Chapter Thirty-Four

114 7 1
                                    

*~*~* Niall's POV *~*~*

My throat practically closes up all the way, threatening to stop my breathing, as I read over the text again and again. Soon another one appears.

From: Unknown Number

Well? I'm waiting. Might as well pop some popcorn and sit back while the show plays out, huh?

My hand clenches around the small device, my teeth grinding together in anger. I shouldn't be asked to do this. If she was a decent human being I would never be forced to do this.

But that's the thing, isn't it? I'm not being forced. She lets me make my own decisions, but if I go against her wishes it ends bad for Amie, and she knows that I will never let anything hurt her.

Anything other than myself.

I stand up and start walking over to her, scaling against the wall to help keep my balance. My legs are so incredibly weak from not eating, and just because I have to talk to her again. I'm dreading this. And if I ever find the person responsible for the pain that has been placed on Amie and I, I will end them.

Sooner than I would've liked, the wall runs out and I have to peel myself off of the sturdy structure to take wobbly steps towards her.

But before I get even halfway to my destination the collar of my shirt is bunched into someone's hand, and I'm dragged back over to the wall. Suddenly my back meets the wall harshly.

"What the hell was that for?" I ask the stranger, pissed off at whoever the hell it is. I need to talk to her. I was ordered to. If I don't, who knows what will happen.

It's when the person steps in front of me that I realize it's not a stranger. It's Louis.

"That was for walking over there. Although for things you've done in the past I should be smashing your face in." Louis has never talked to me like this before. We were always buds that laughed at everything together. Of course things are different now, though. Why did I expect that it would be the same after what I did?

"Yeah, yeah." I brush his comment off like it was nothing and push his hand off of me, dusting my shoulder off afterwards.

"I still can't believe you did that. You loved her." I still do, but I can't possibly say that.

"My taste changed," I say nonchalantly.

"I don't believe that," he growls at me, crossing his arms over his chest.

"Believe what you want. I'm telling the truth." No, I'm not.

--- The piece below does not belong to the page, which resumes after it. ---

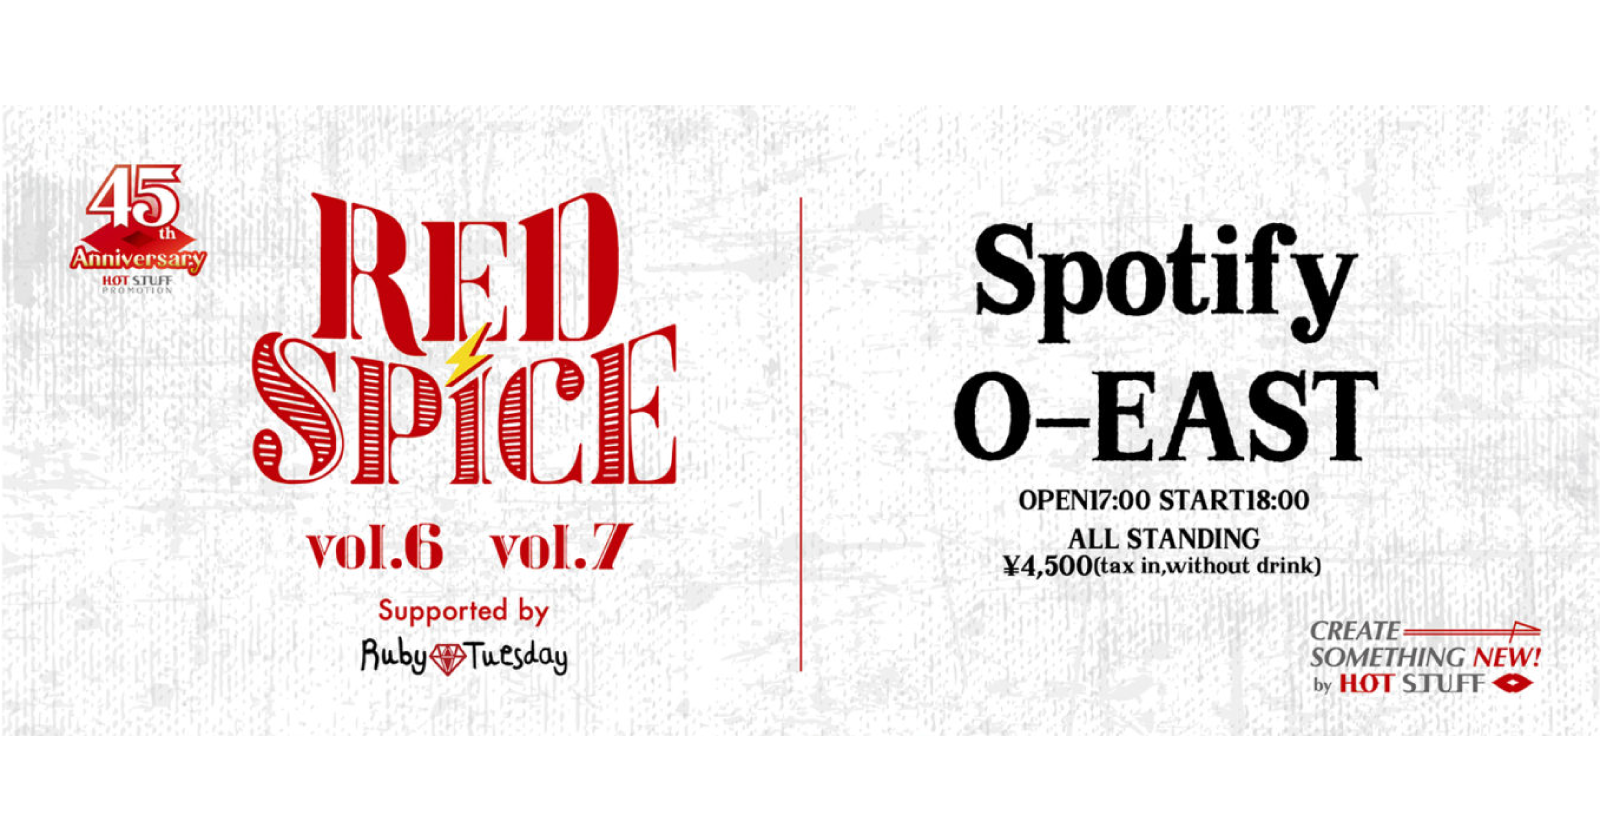 HOT STUFF 45th Anniversary RED SPICE vol.7

His eyes bore into mine, searching for any sign of me lying. I try my best to look natural, and I've found that the best way to do that is to clear my mind. Leave it completely blank.

It works. He looks at me skeptically before pointedly asking, "So, what is your type now?"

"I don't know. Not her." False. I love everything about her and I would never change a thing.

"Explain," he requests, not backing down from his earlier prediction of me still loving Amie.

"Well, for starters, I like girls who actually have hair. Two, I don't like my girls to look anorexic." I hate every single word that comes out of my mouth. None of it it true. I love her exactly the way she is, and I never want her to change.

Anger floods Louis' eyes and soon he's yelling at me, obviously not caring about the many worried looks we receive. "What the f*ck is wrong with you?! You're the one that f*cking did that to her! You dont have the right to say that shes not absolutely f*cking gorgeous, because she is! She's super skinny because she hasn't eaten really anything these past few weeks because YOU broke her heart!